Segment Start: Data below
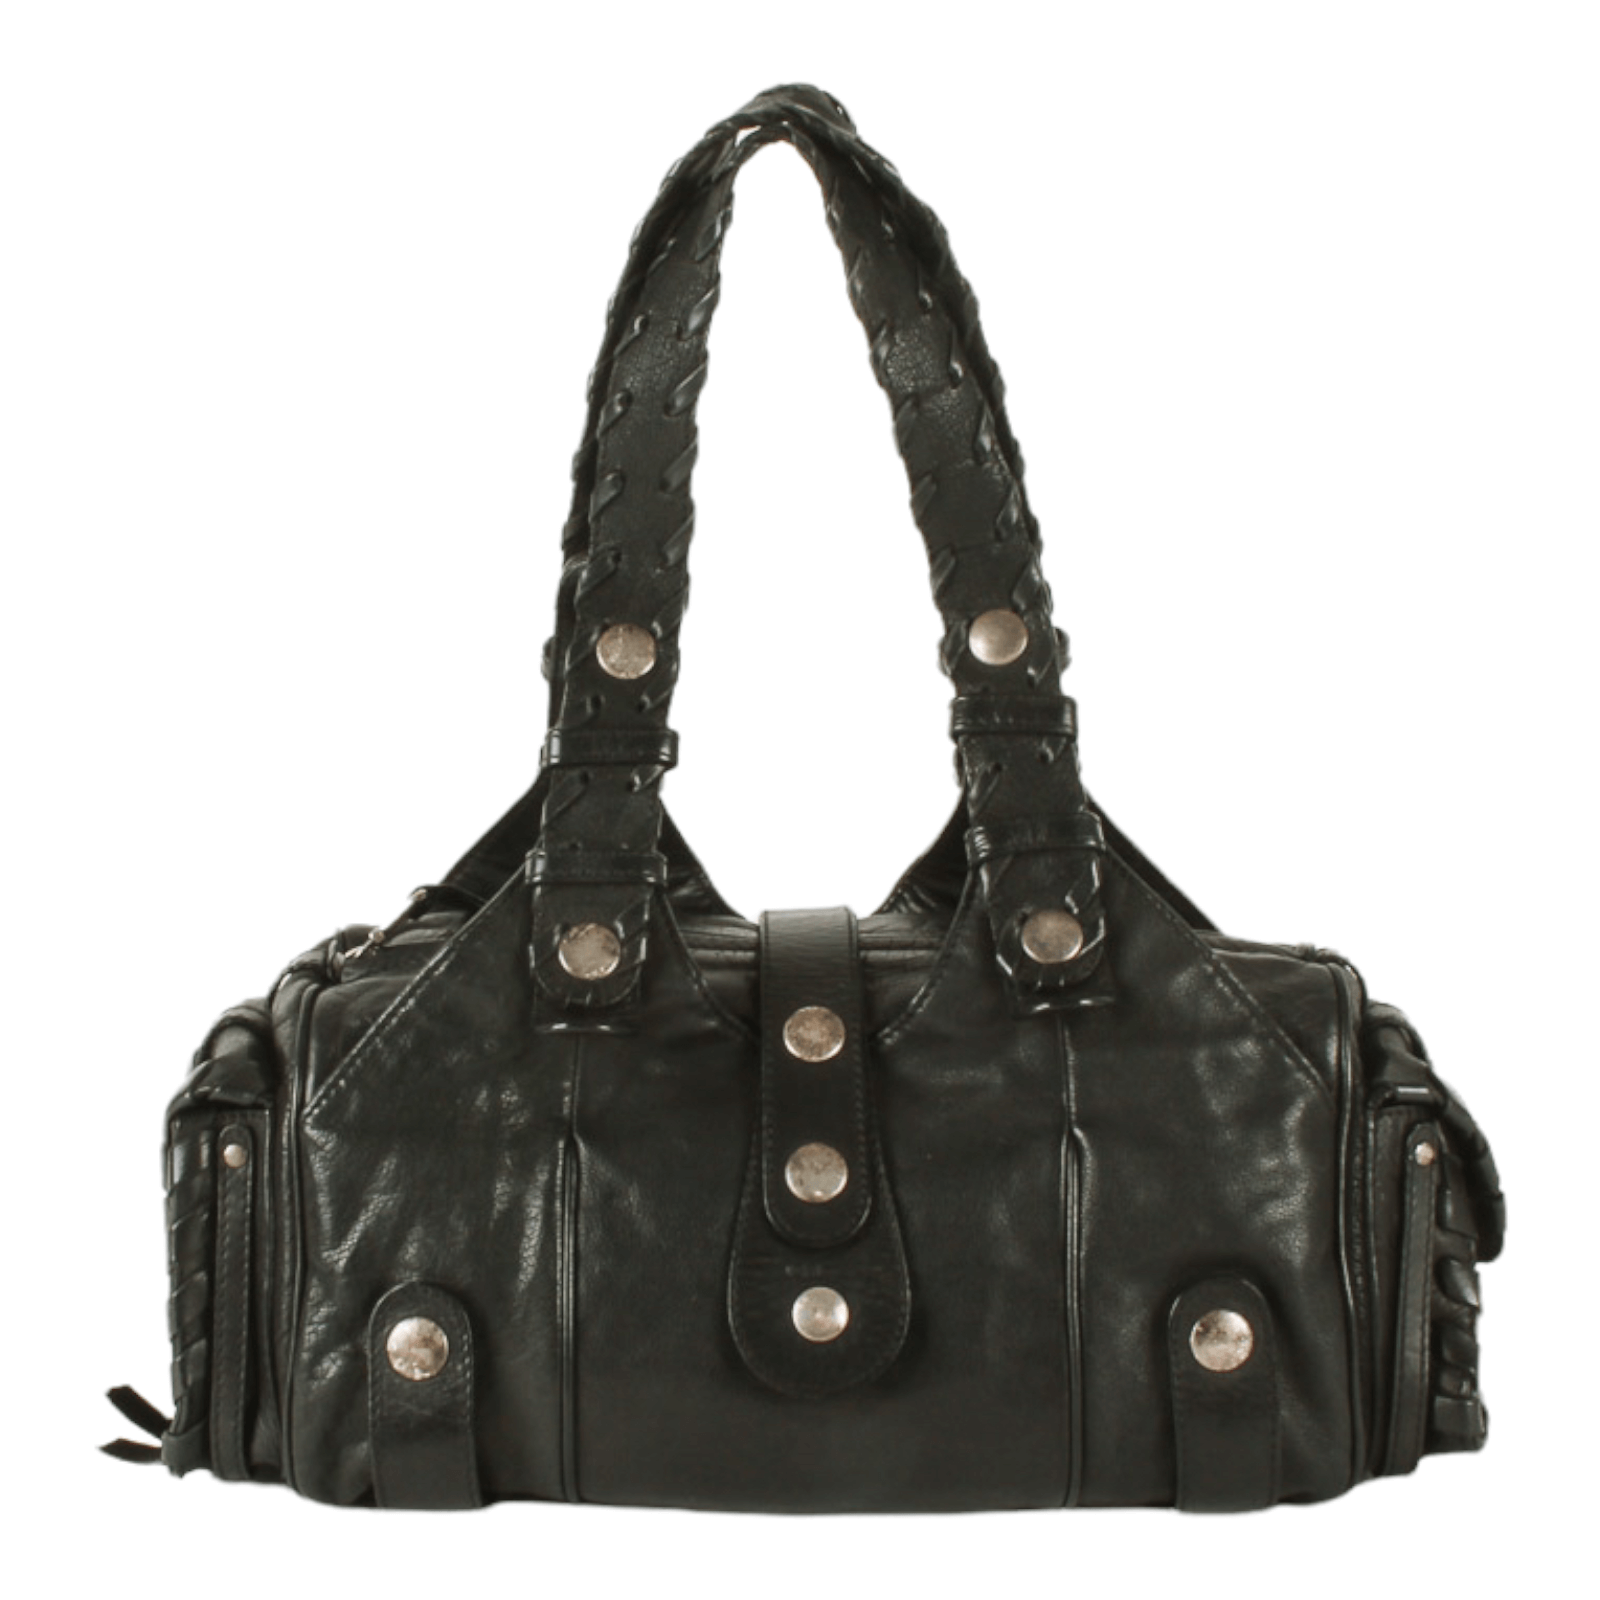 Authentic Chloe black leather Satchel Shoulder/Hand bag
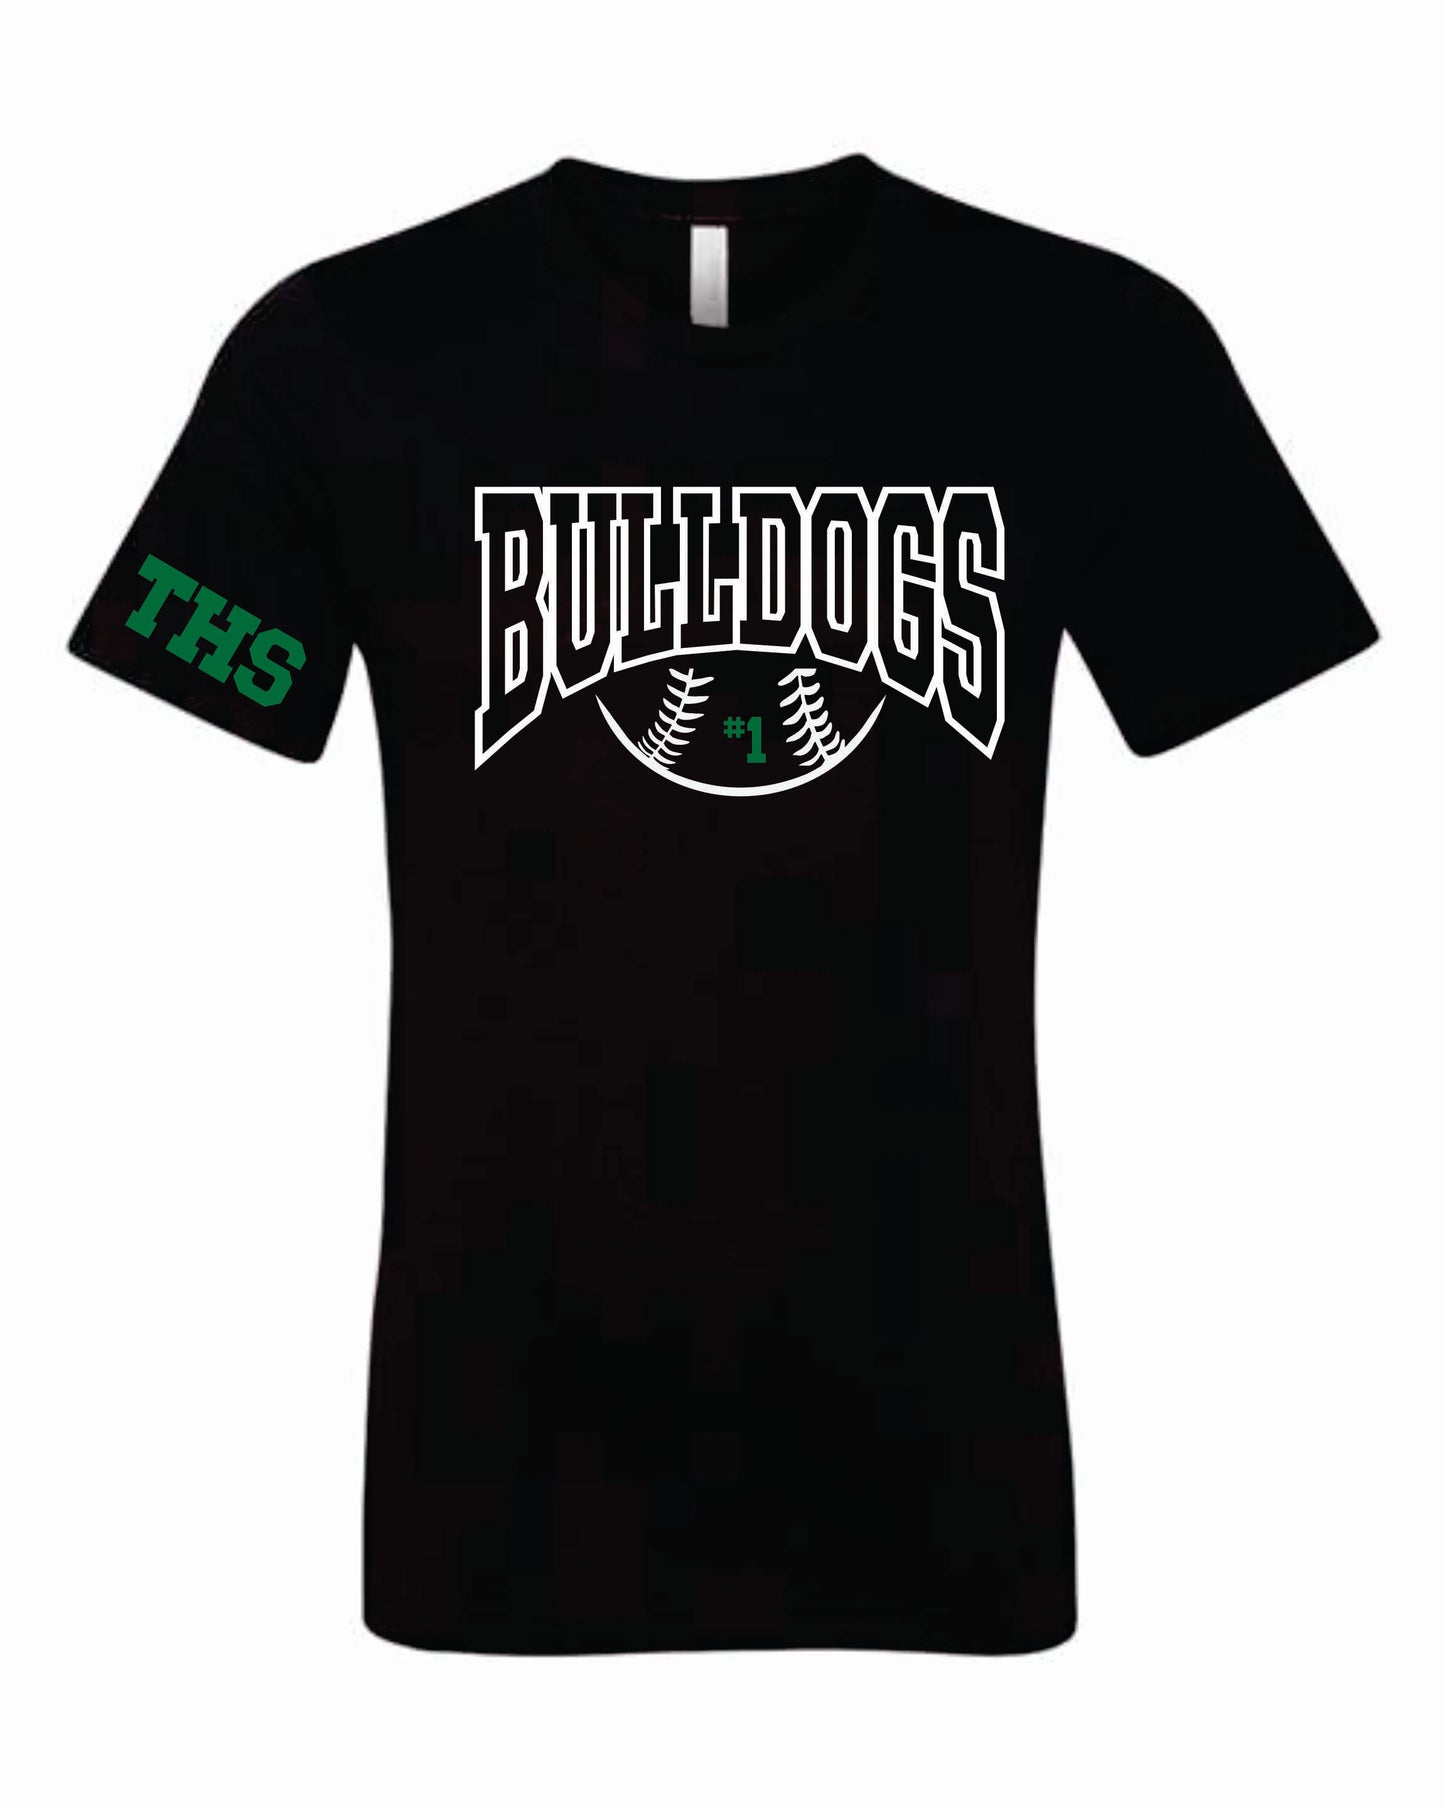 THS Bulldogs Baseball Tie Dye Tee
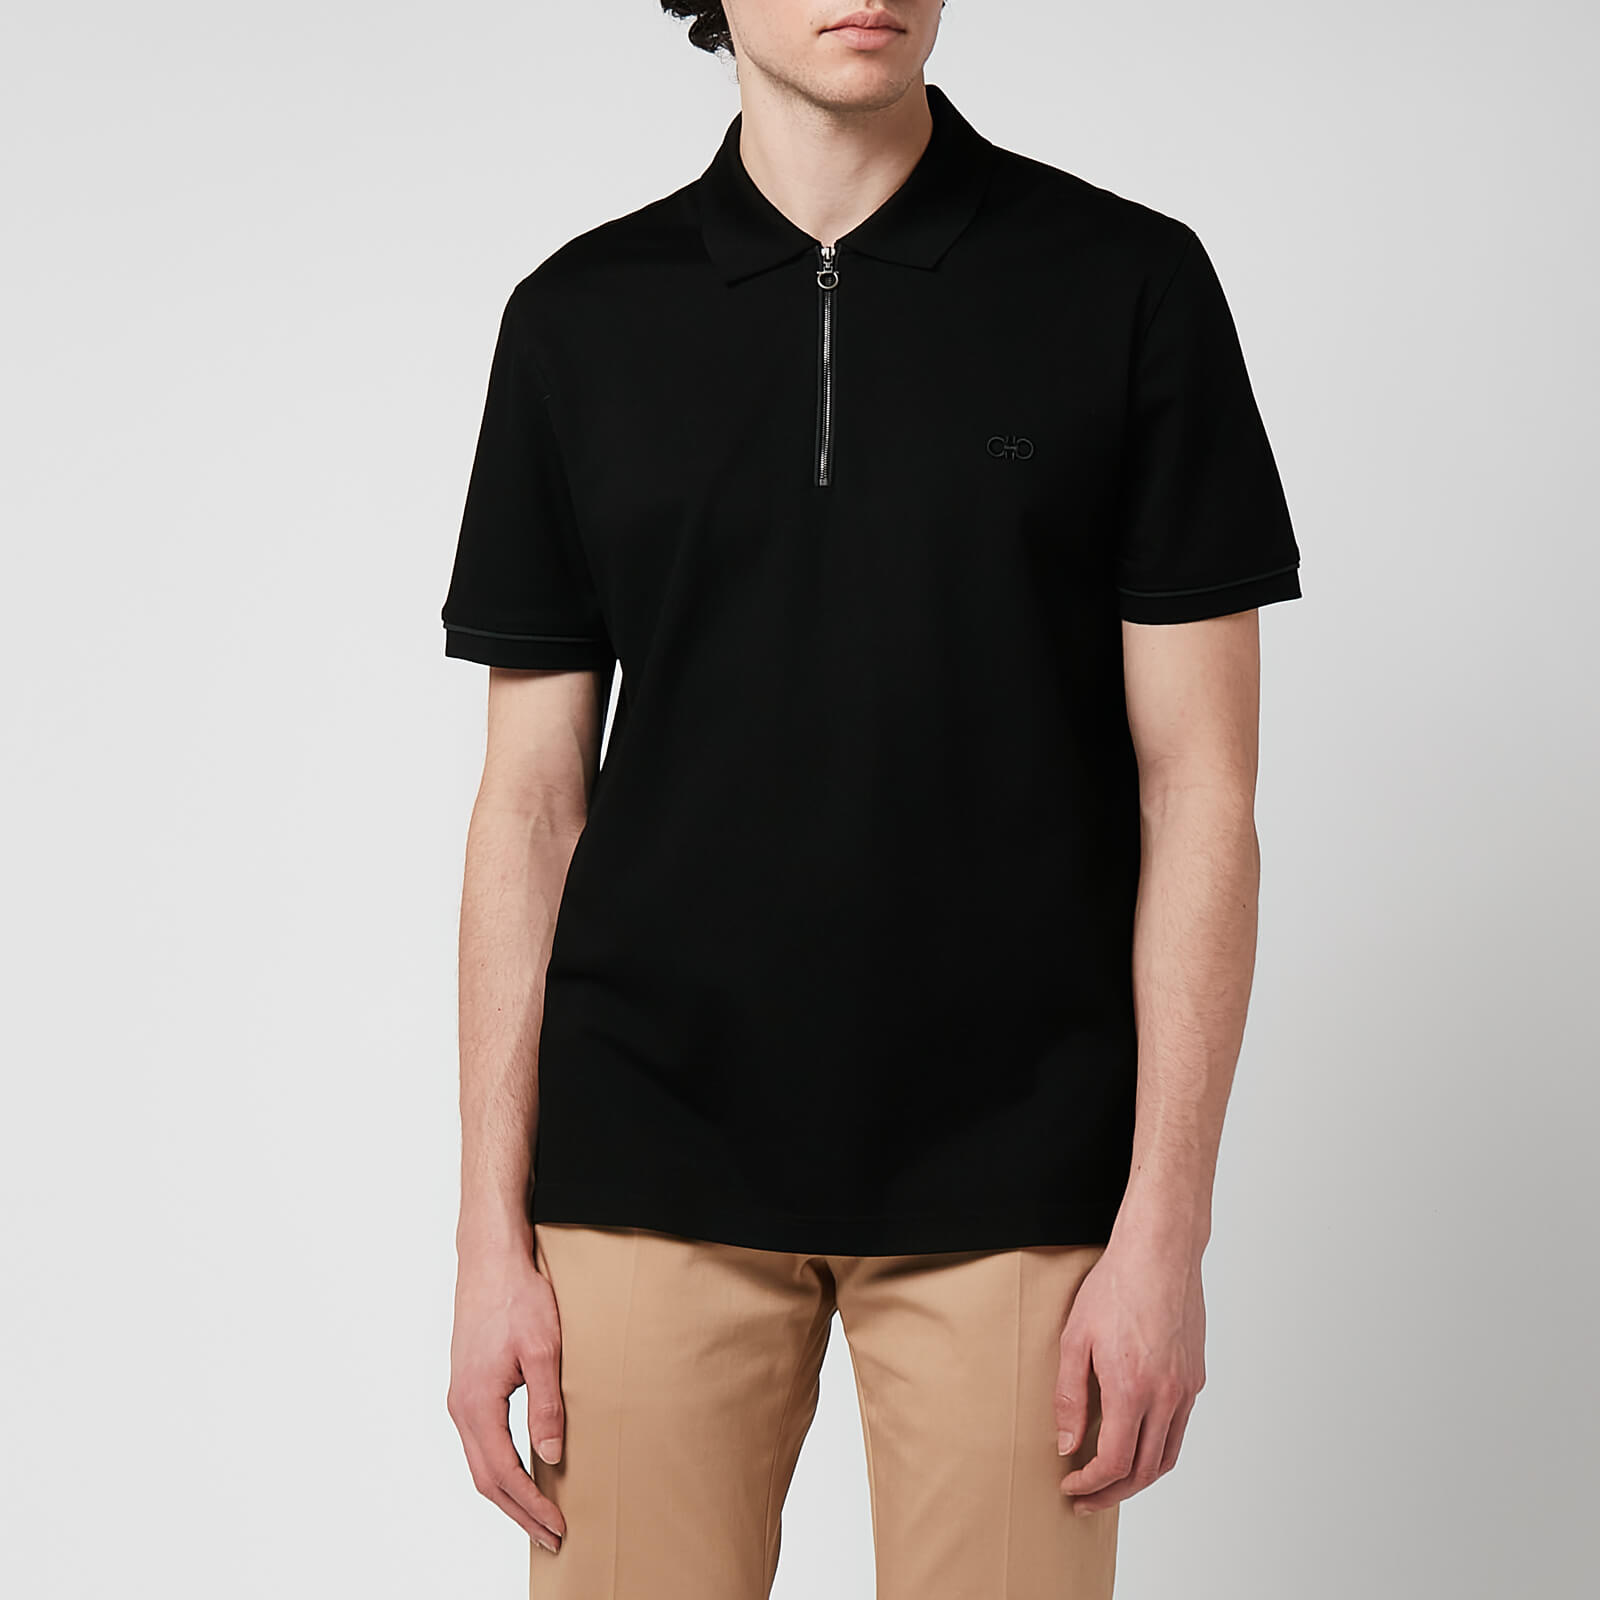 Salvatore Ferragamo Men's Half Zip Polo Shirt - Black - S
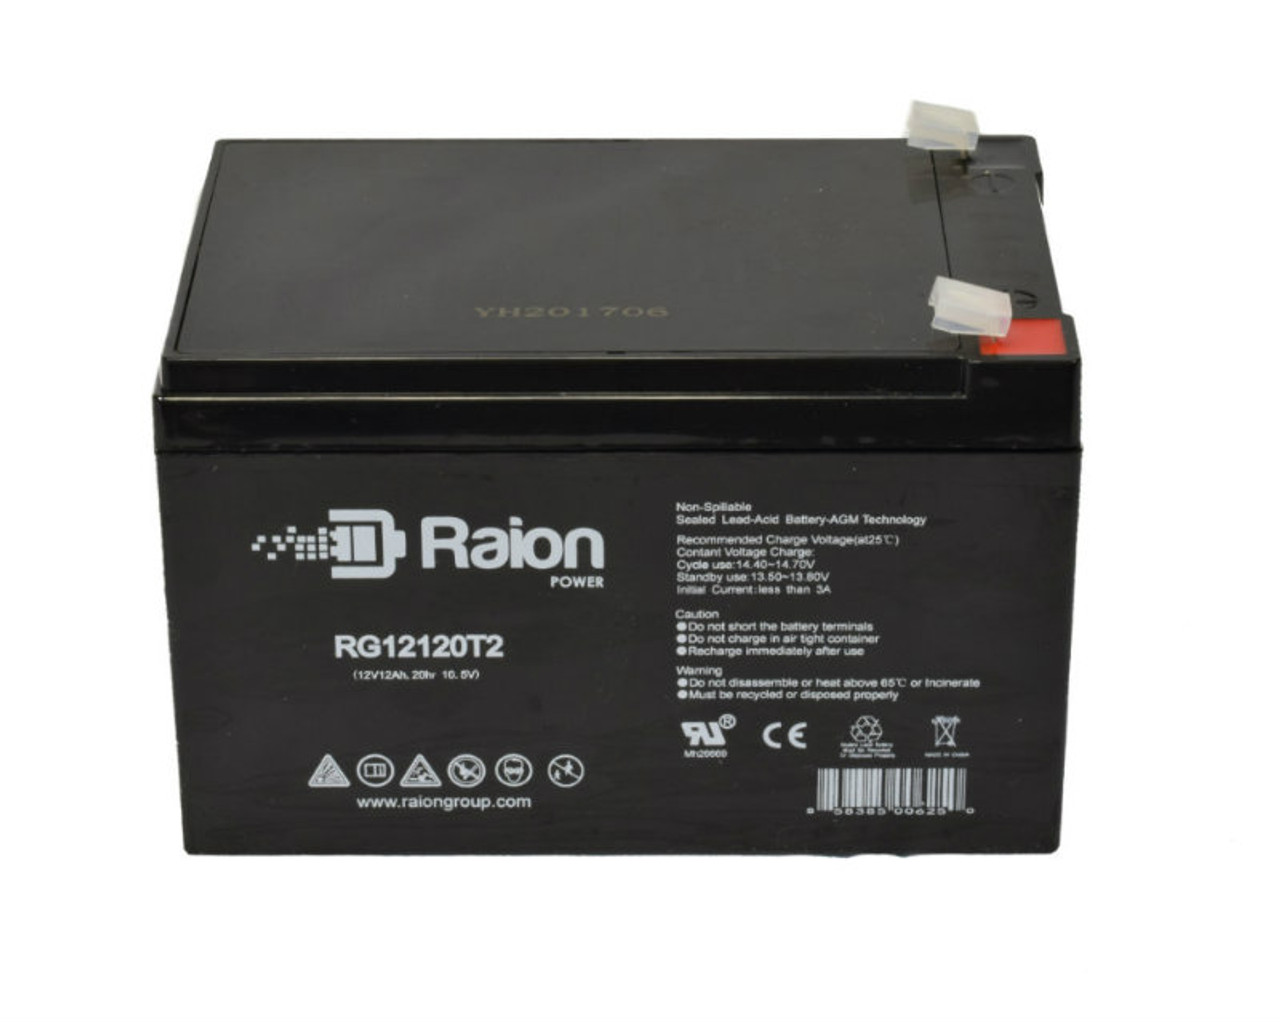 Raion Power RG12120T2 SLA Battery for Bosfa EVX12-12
Segment End: Data below
# What to produce
Once the pictures are set aside, give the rest of the listing again exactly.

# Response to this exercise
 Authentic Chloe black leather Satchel Shoulder/Hand bag
 THS Bulldogs Baseball Tie Dye Tee
 Salvatore Ferragamo Men's Half Zip Polo Shirt - Black - S
 Raion Power RG12120T2 SLA Battery for Bosfa EVX12-12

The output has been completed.